If you just thought of using social media likes, comments, or shares as a metric, then please sit in the naughty corner for a minute before reading the rest of the article.
See if you can link to this article.
The answer I was looking for is Net Promoter Score (NPS).
Net Promoter Score is a customer loyalty metric used to segment customers into three groups using a 1-10 scoring system:
The simplest form of NPS is to ask your customers a single question on how likely are they to recommend your business to a friend or family member from 1-10.
To work out your NPS score, you take away the percentage of detractors from promoters, completely ignoring the passives.
For example, if your survey resulted in 20% detractors, 50% passives, and 30% promoters, your NPS score would be 10.
You can measure your NPS on a monthly, quarterly, or yearly basis with the goal to always increase your NPS score.

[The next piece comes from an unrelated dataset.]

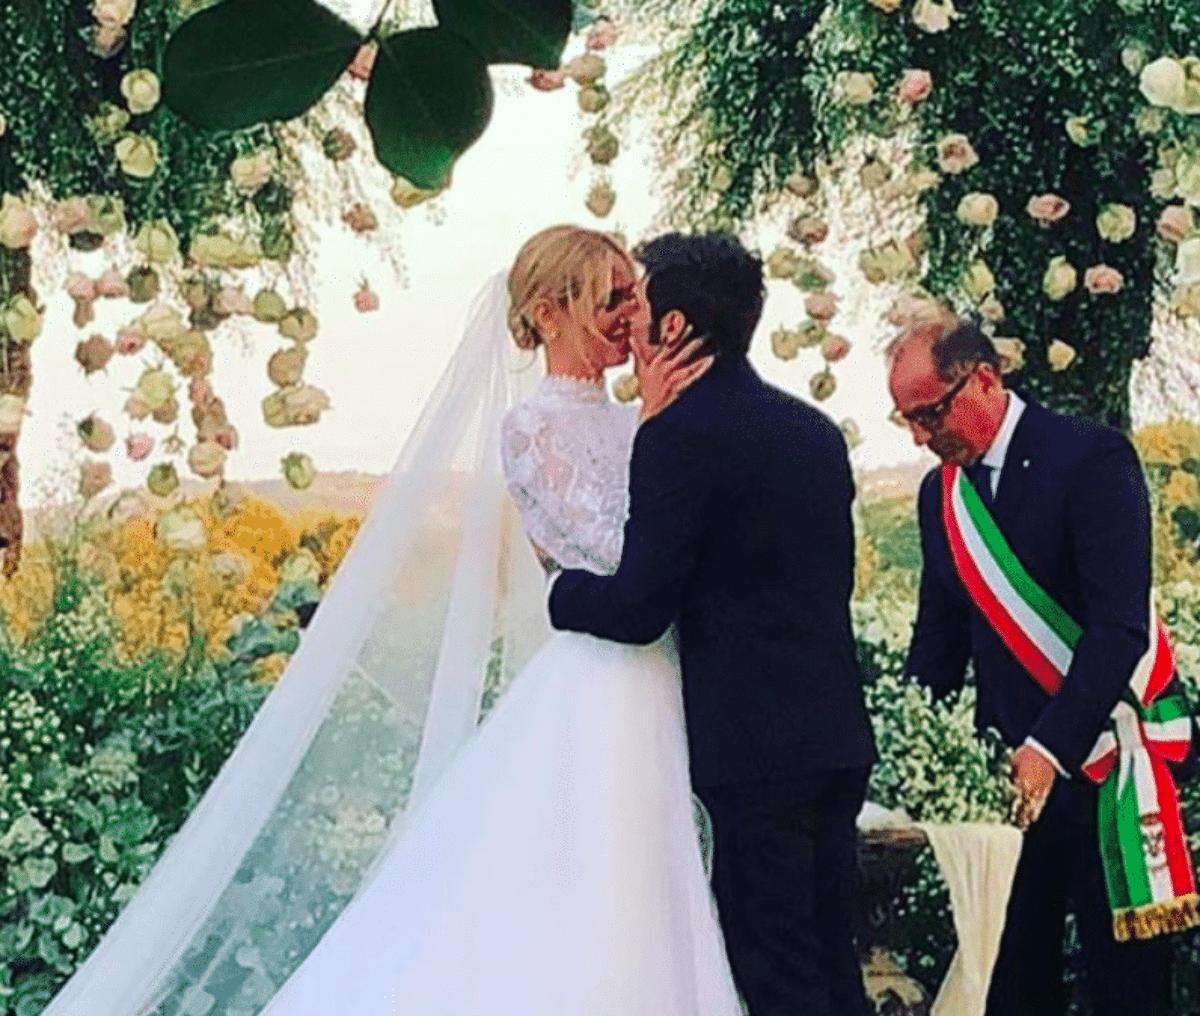 ca612aee3ed8 Matrimonio Chiara Ferragni e Fedez

You can also add additional questions to identify where bottlenecks occur in order to remedy them. For example, you may find that the reason customers are not giving you a 9 or 10 is because your customer support or user experience is lacking in some areas.
Building rapport with customers should be an infinite part of your marketing strategy that is implemented at various touch points of the customer journey.
In this article I’ve shown examples of businesses building relationships at the start (welcome email), the middle (cross-sell and content), and the end of the customer journey (win-backs).
Continually working on building rapport will make your customer acquisition easier as you’ll be able to pay a higher CPA and still be profitable, as building relationships leads to customers spending more with your business.